--- ACTIVITY ---
Restate the whole of the data below word for word, skipping the images.

--- DATASET EXTRACT ---
::::

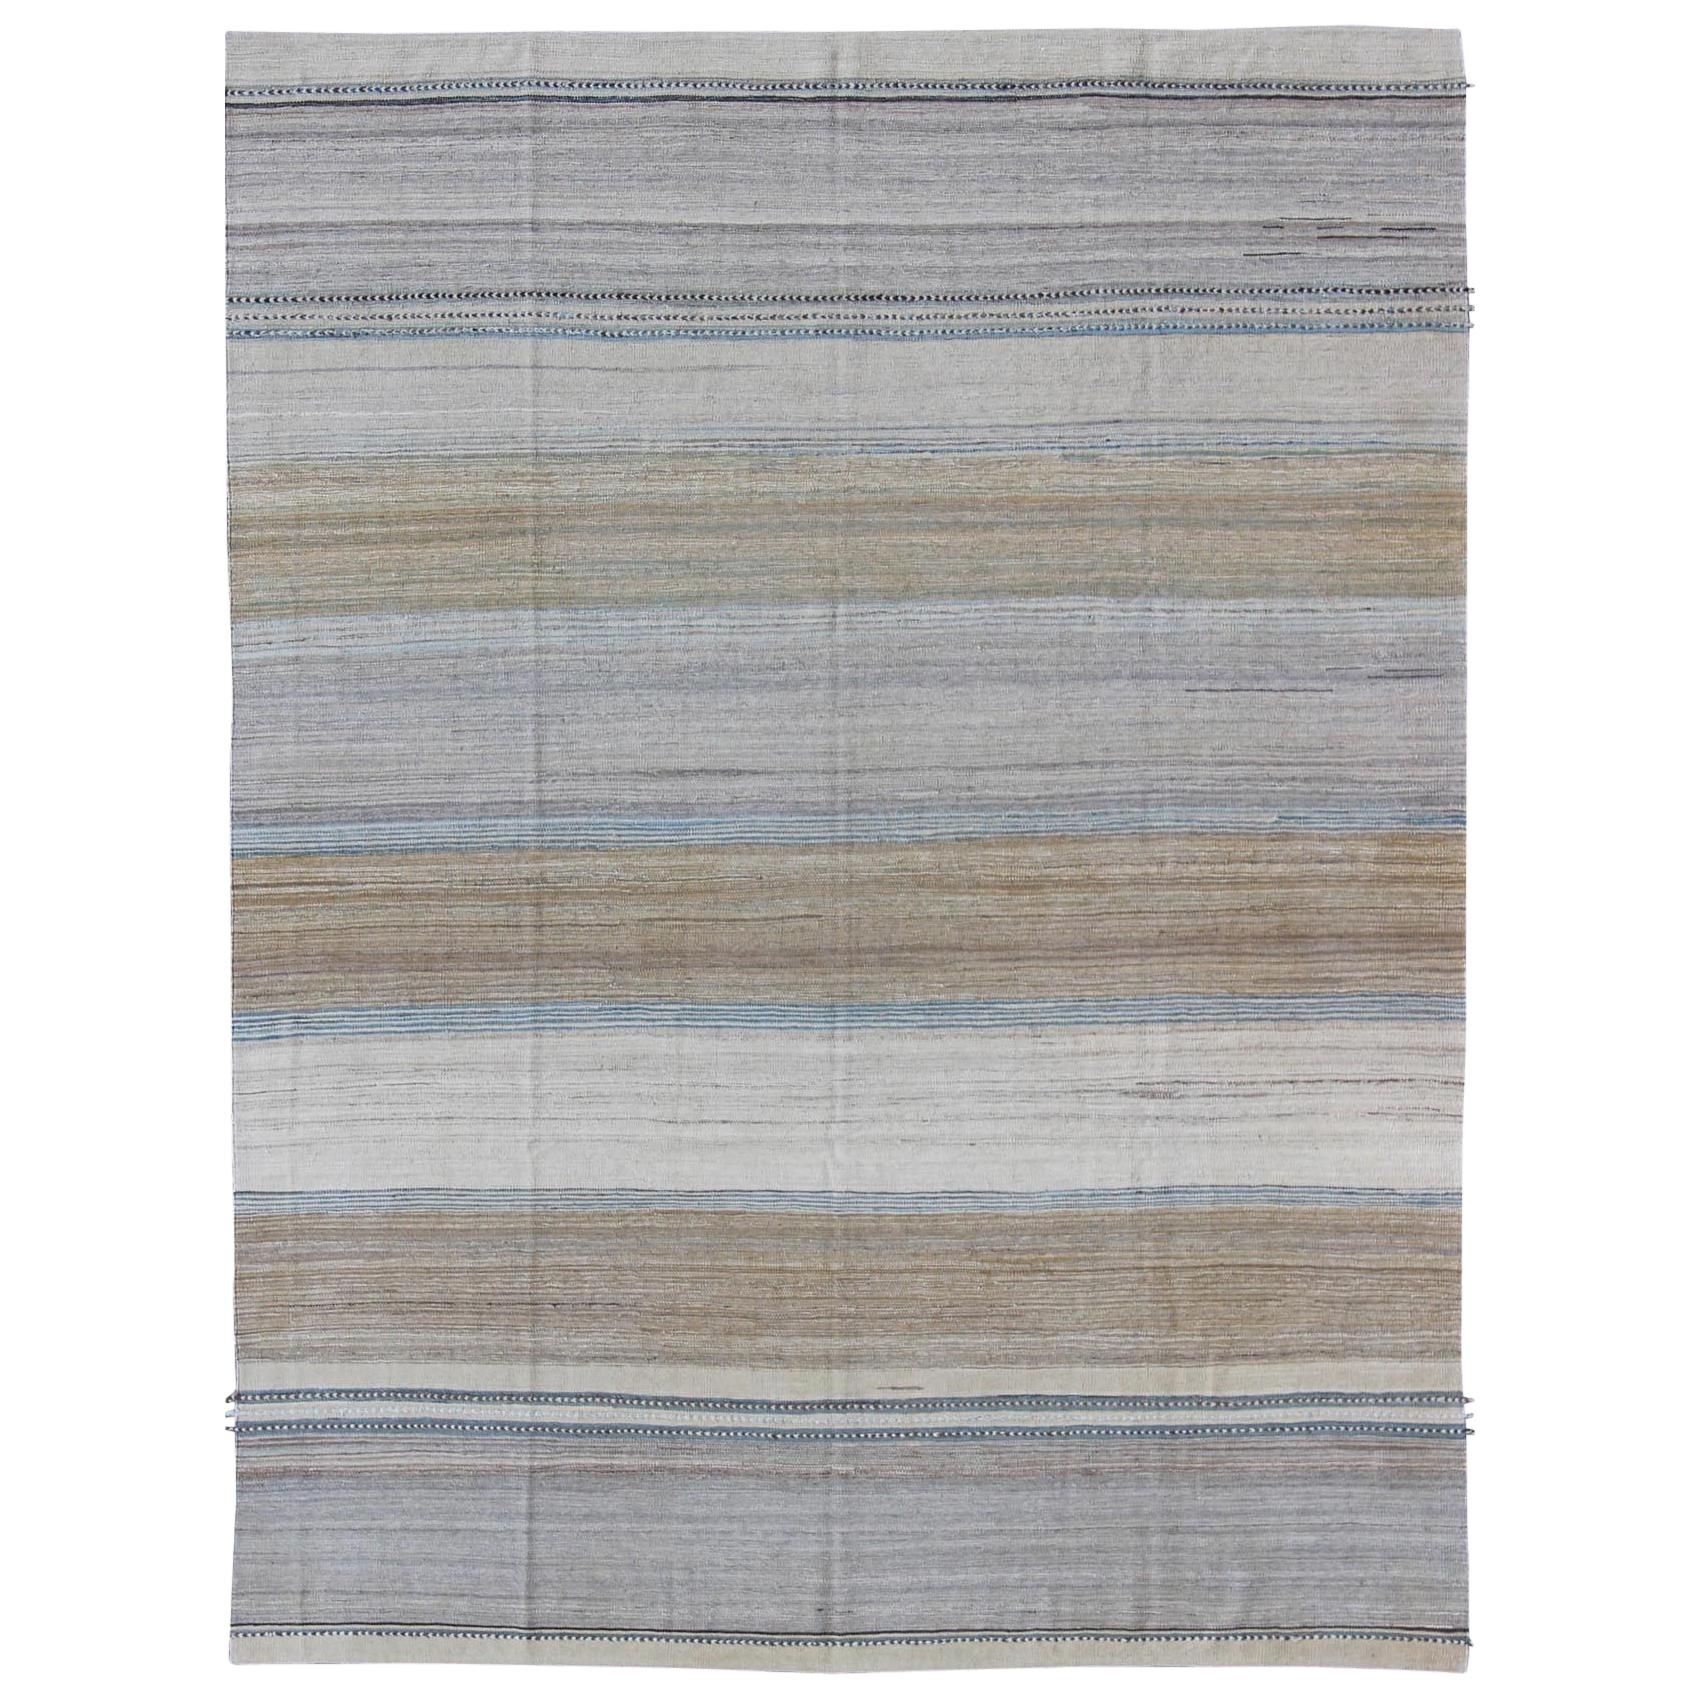 Modern Kilim Rug With Large Stripes in Shades of Blue, Taupe, Light Brown, Gray 
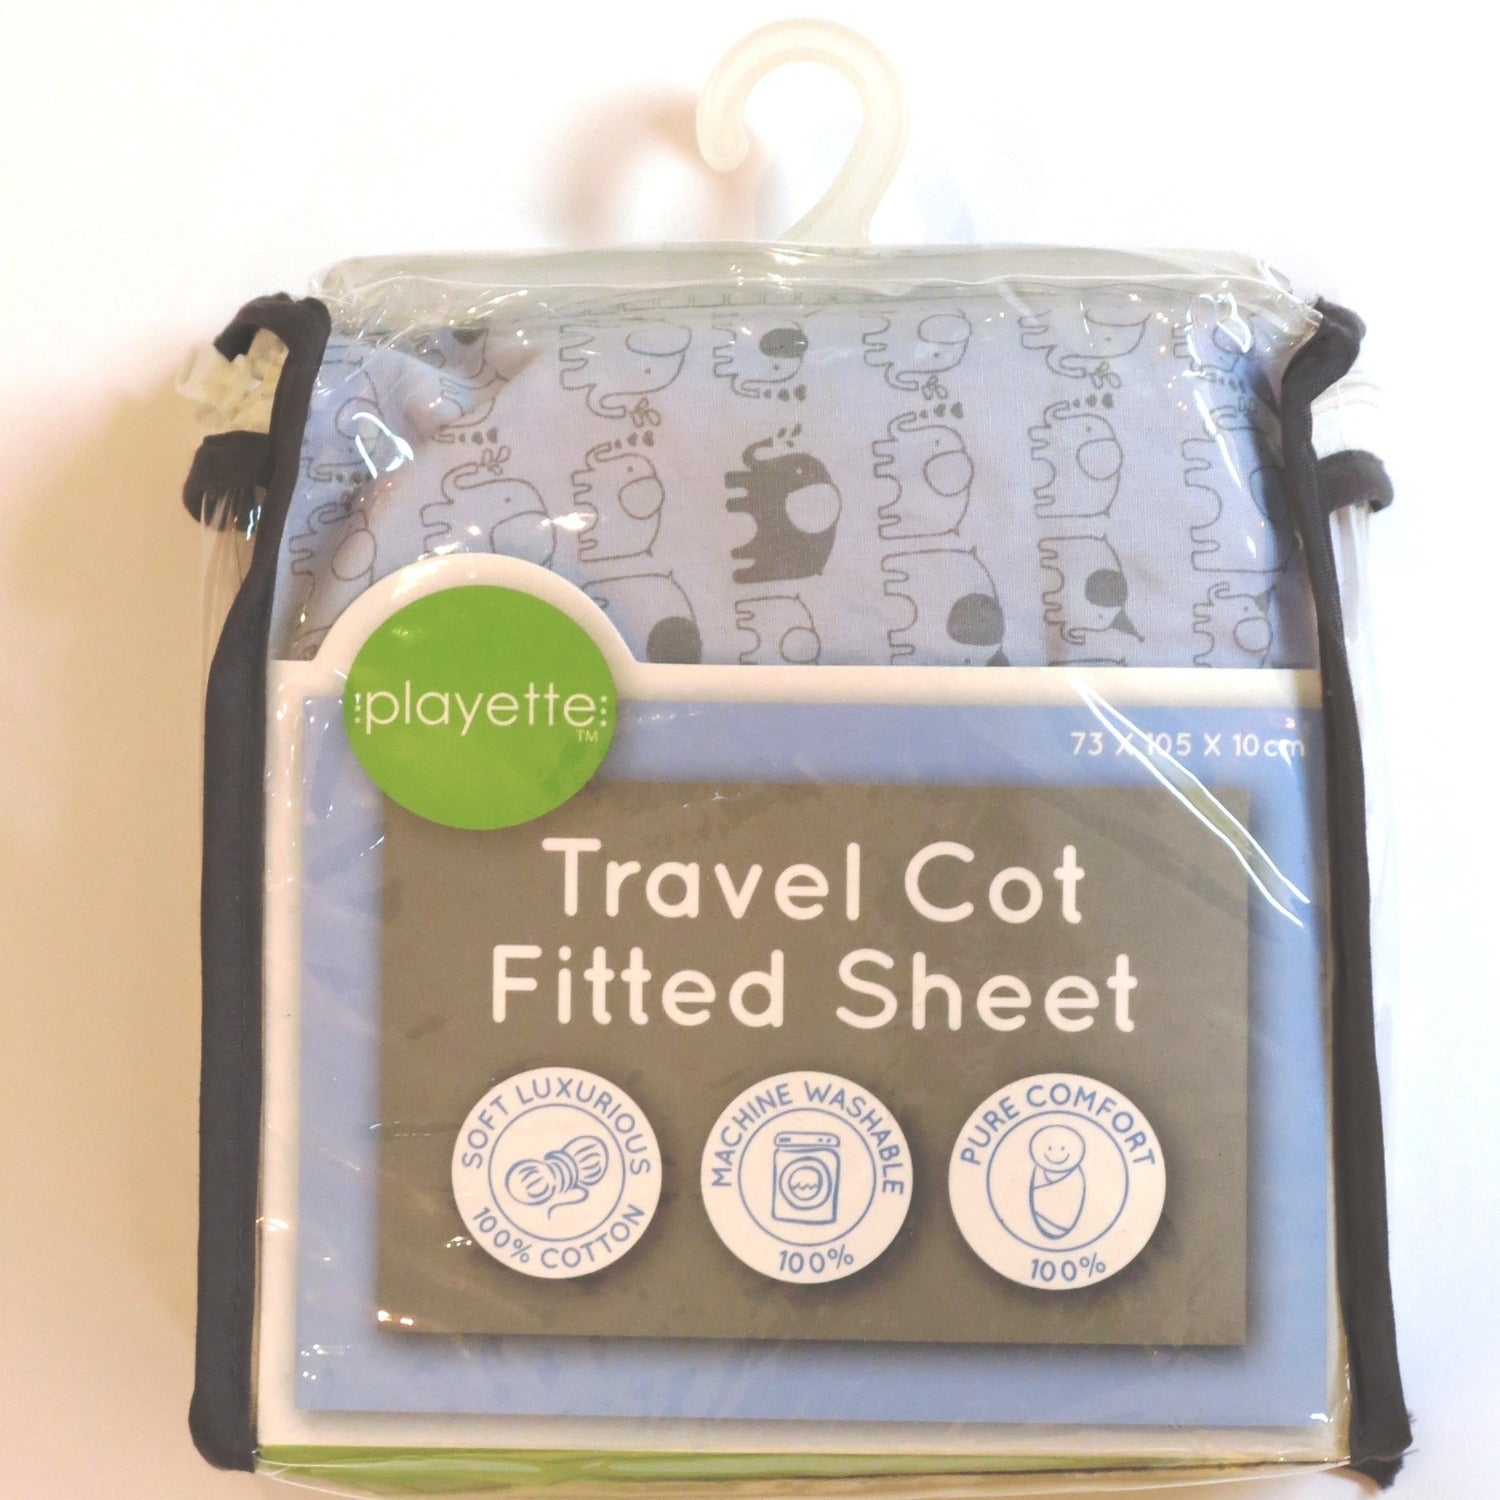 Playette Travel Cot Fitted Sheet - Blue, Printed Elephants
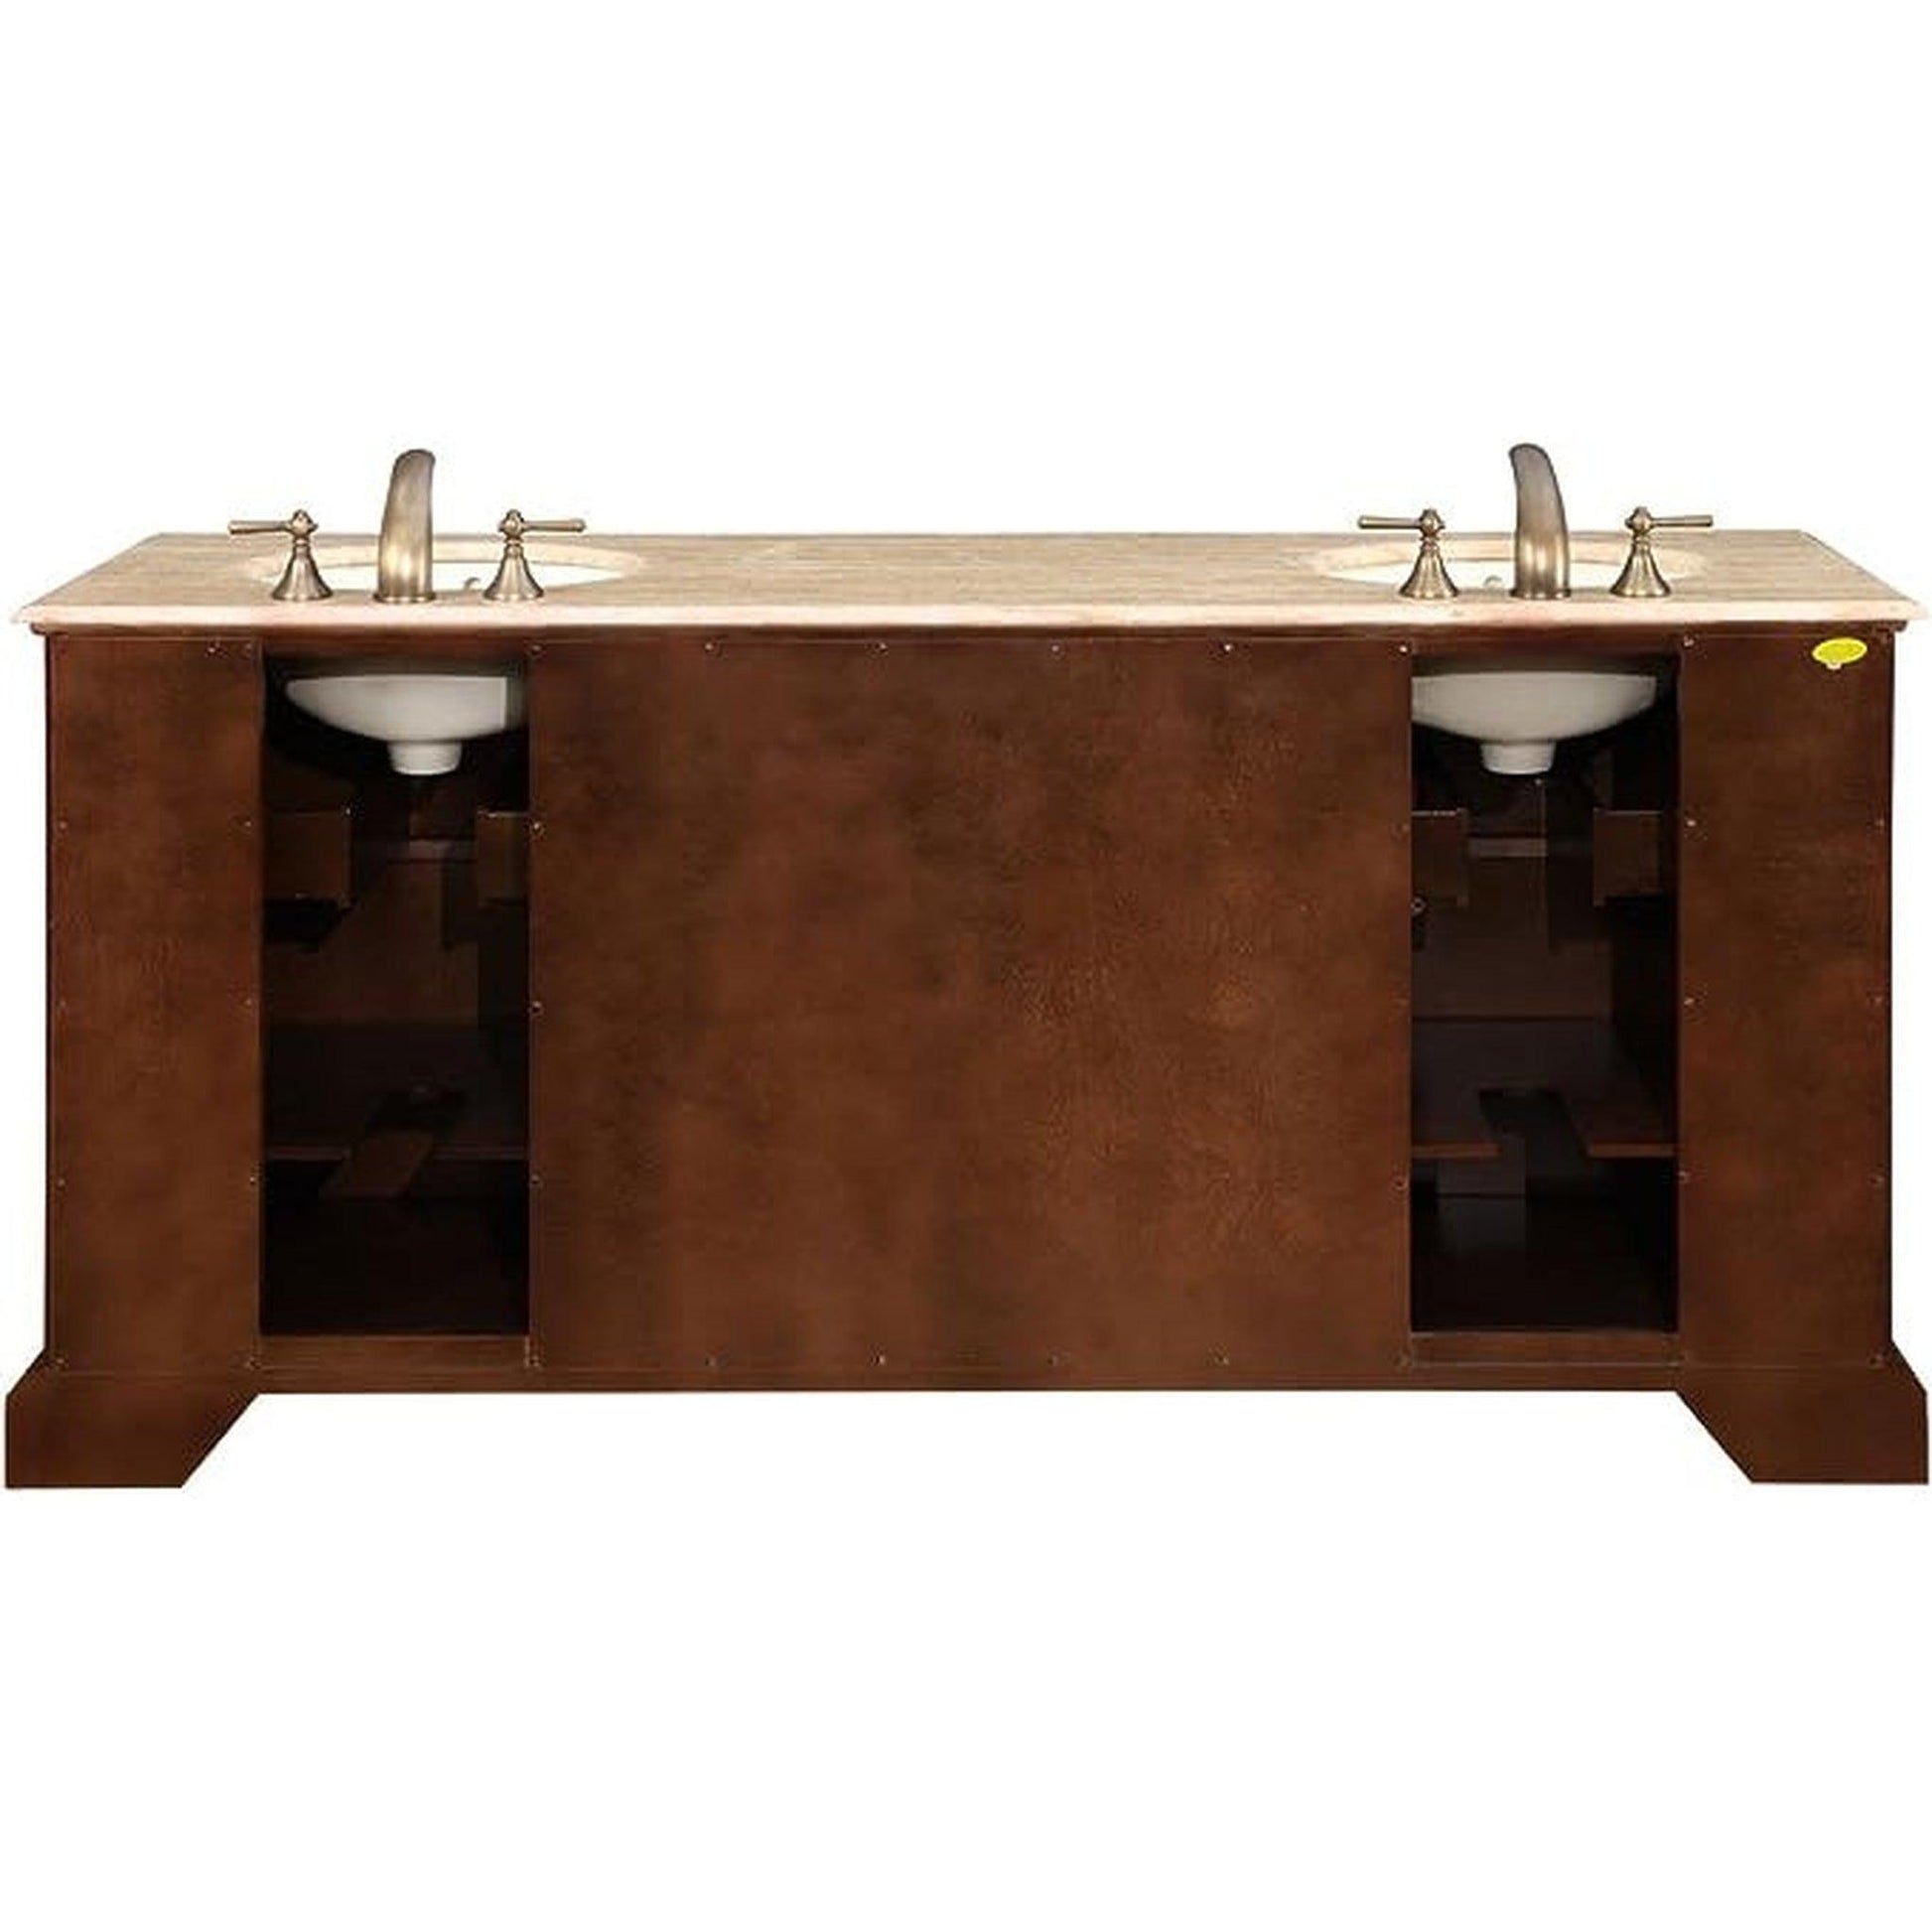 Silkroad Exclusive 72" Double Sink Red Chestnut Bathroom Vanity With Travertine Countertop and Ivory Ceramic Undermount Sink

::::

--- EXERCISE SOLUTION ---
 Modern Kilim Rug With Large Stripes in Shades of Blue, Taupe, Light Brown, Gray 
 Playette Travel Cot Fitted Sheet - Blue, Printed Elephants
 Silkroad Exclusive 72" Double Sink Red Chestnut Bathroom Vanity With Travertine Countertop and Ivory Ceramic Undermount Sink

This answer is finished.